Spit Trail extension starts in fall
These are busy times for the city of Homer.
Natural gas is making its way to the southern peninsula. Work on the Deep Water Dock is under way. Harbor work is planned to begin soon. And the well-used Homer Spit Trail is due for an extension, which will bring a smile to those who put the trail to good use. That work also will provide a staging area and rest-rooms for cruise ship passengers and address some harbor concerns.
Funding for the project comes from two different sources, the Alaska Department of Transportation and Public Facilities and a cruise ship head tax.
A portion of the cruise ship head tax also is being used to make improvements to the Deep Water Dock and construct two restrooms in Homer downtown area, one near the WKFL Park and one near the intersection of Pioneer Avenue and Bartlett St.
“For the whole thing, including restrooms, I’m thinking $4 million,” said Carey Meyer, Homer’s public work director, of the Spit Trail project.
When complete, the work will add another 1.7 miles to the existing trail. It will tie into the existing trail’s end near the Nick Dudiak Fishing Lagoon, continue to the Homer Spit Road-Freight Dock Road intersection, continue above the edge of the harbor and tie in with the existing boardwalk, which will be widened to match the 10-foot width of the trail.
At Fish Dock Road, the trail will leave the harbor area, align with Homer Spit Road and continue to End of the Road Park, the parking area between the ferry terminal and Land’s End Resort. The route of the trail in that section helps route foot traffic away from the industrial portion of the Spit, according to Harbormaster Bryan Hawkins.

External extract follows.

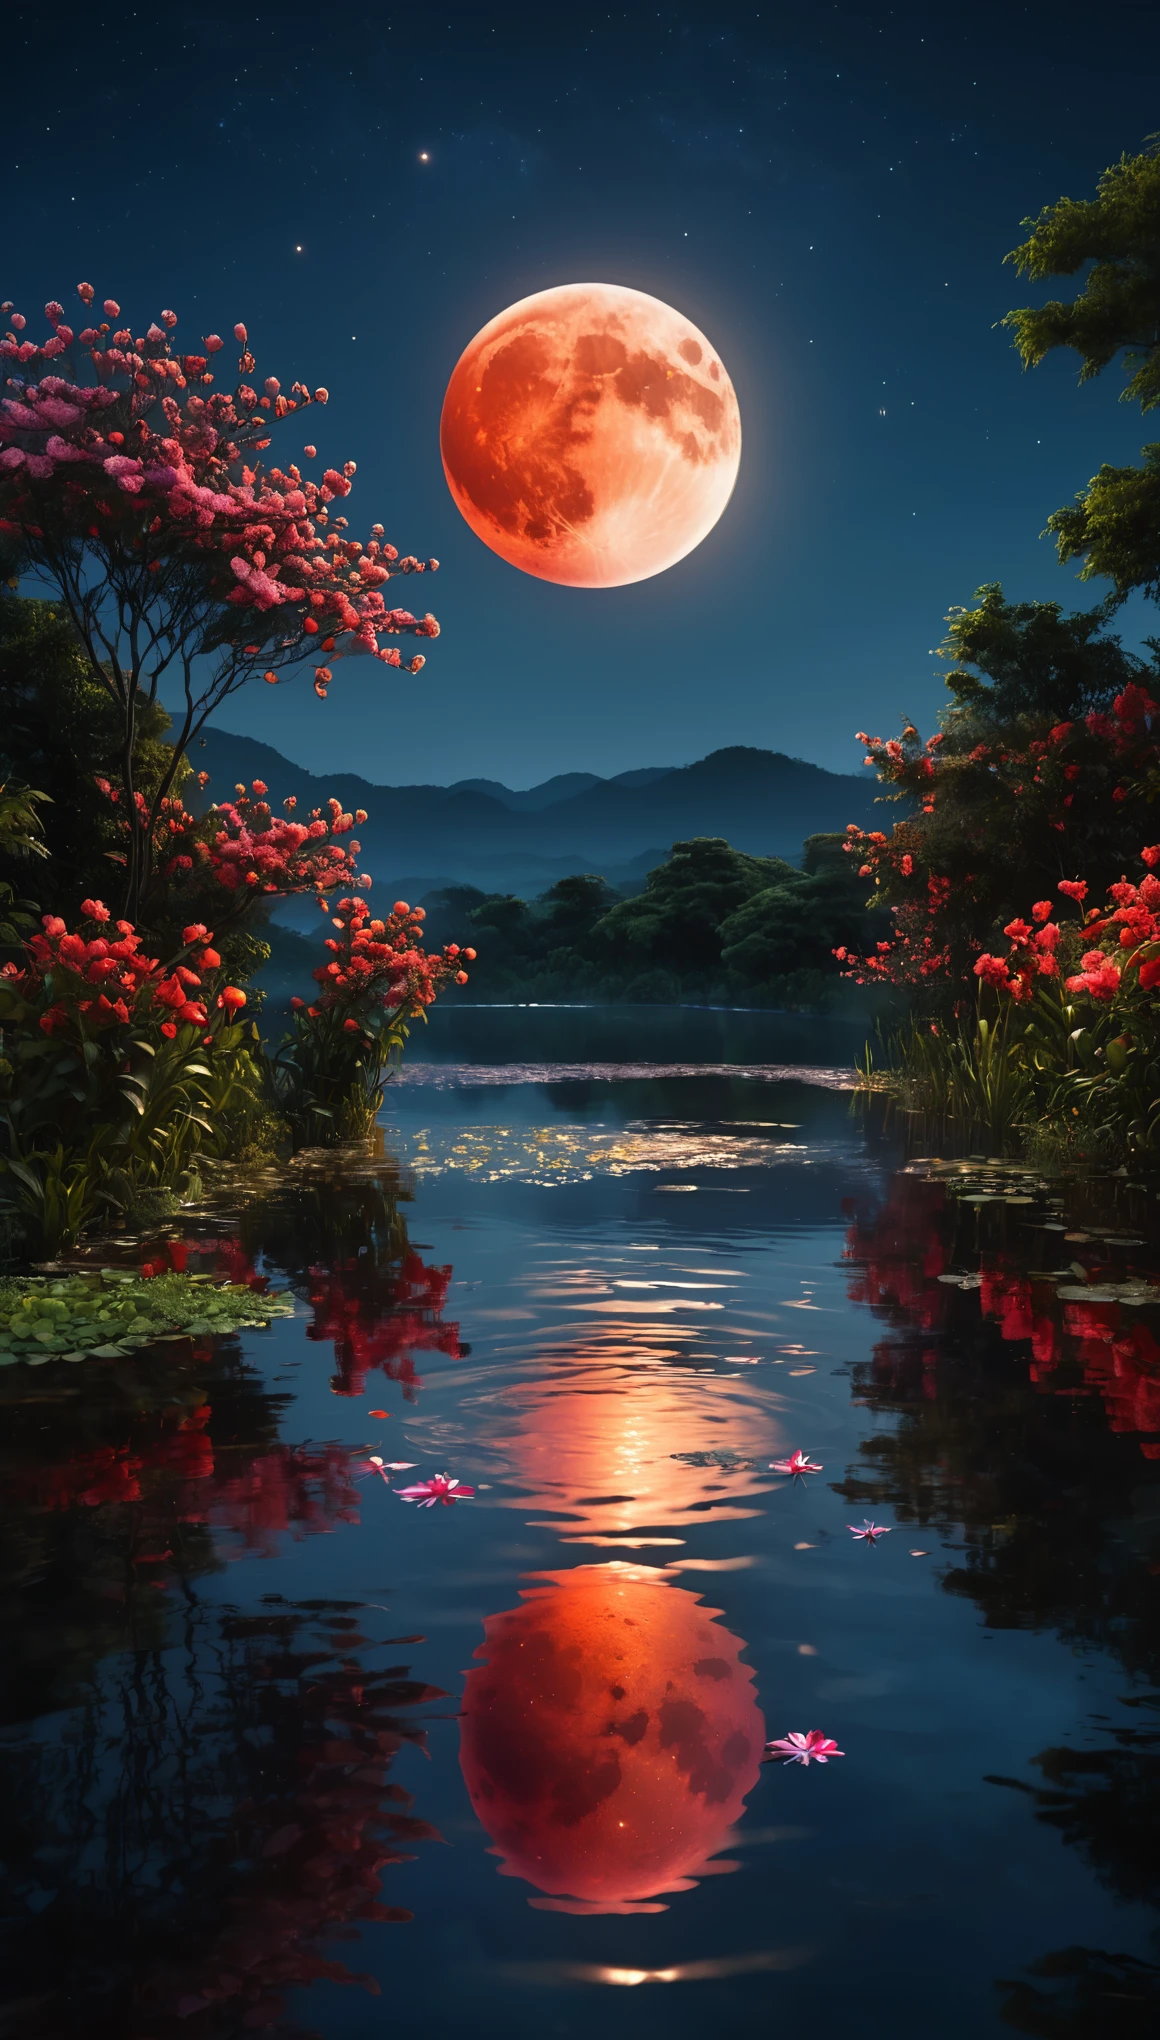 最好的品質,高解析度,傑作:1.2,超詳細,實際的:1.37,紅月亮倒映在水中,對稱場景,寧靜的氣氛,闪闪发光的水面,寧靜的花園環境,發光的紅月亮,深紅色的月光,樹木的黑暗輪廓,夜空中閃爍的星星,平靜的水面上純淨的月亮倒影,平和空靈的心情,細緻入微的月球表面,五顏六色的花朵盛開,水面泛起細膩的漣漪,柔和的月光照亮了周圍,平靜和靜止,水在月亮的倒影下閃閃發光,神秘迷人的氛圍

Two spurs are planned for the trail. One, at the Homer Spit Road-Freight Dock Road intersection, will continue past the load-launch area of the harbor and follow above the harbor to a staging area for cruise ship passengers at the base of the Deep Water Dock. The second spur veers off near Ice Dock Road, and continues to the entrance of the harbor.
“That’s a pretty important part for us, too” said Hawkins of the spur along the harbor entrance that ties in some with some erosion control work in that area that has been “a long-time goal for us to address.”
The project also includes paving and construction of a restroom at the End Of the Road Park, two viewing platforms along the harbor and a dozen rest areas with benches and interpretive signage.
The city has hired Dan Nelson as the project manager. The project is nearing 95 percent completion of the design phase, with the design being done by Kinney Engineering of Anchorage.
“They have quite a big of trail experience, including some work on the Coastal Trail,” said Meyer.
Landscaping will be added at the Homer Spit Road-Freight Dock Road intersection, what is known as a “gateway” area, near the viewing platform to be constructed at that corner of the harbor.
“There will be some signage about the harbor and some landscaping to keep it consistent what the Spit and a bermed area planted in beach grass with some logs, reminding the public about beach erosion and the importance of storm berms,” said Carey.
With 1 percent for art included in the project budget, a meeting with area artists was held last week.
“Proposals are due to the city in May,” said Meyer.
Hawkins sees the signage as an opportunity to also showcase local scientific work.
“We’ve got the arts group, but also a group that is more from the science community that is talking with Meyer about the interpretive signage,” said Hawkins. “We’re really blessed to have this great science community here. Let’s pull them in.”
Following a final review of the design, Meyer said he expects the project will be bid this summer with time for work to begin before the season is over.
“I think what we are anticipating happening is that the restrooms will be constructed this summer and up and operating by the end of the summer,” said Meyer. “And we think that probably the boardwalk is something we’d like to complete late this summer, taking advantage of the shoulder time after Labor Day.”
Scheduling around Spit activity has been a concern.
“That’s one of the challenges of the project in general, to do this construction with the least amount of impact on tourists and the public,” said Carey. “We’ll try to get some of those parts of the project that have the highest potential of impacting visitors towards the end of summer, with a lot of the trail work probably being completed early next summer.”
When all is said and done, “we’ll end up with a trail that completely encompasses the harbor rim and connects you back to town,” said Hawkins. “I think it’s something that benefits everybody. I think everybody enjoys trails.”
Numerous public meetings on the Spit Trail project have resulted in public input at several levels.
“We hope the result is a project that everybody can enjoy,” he said.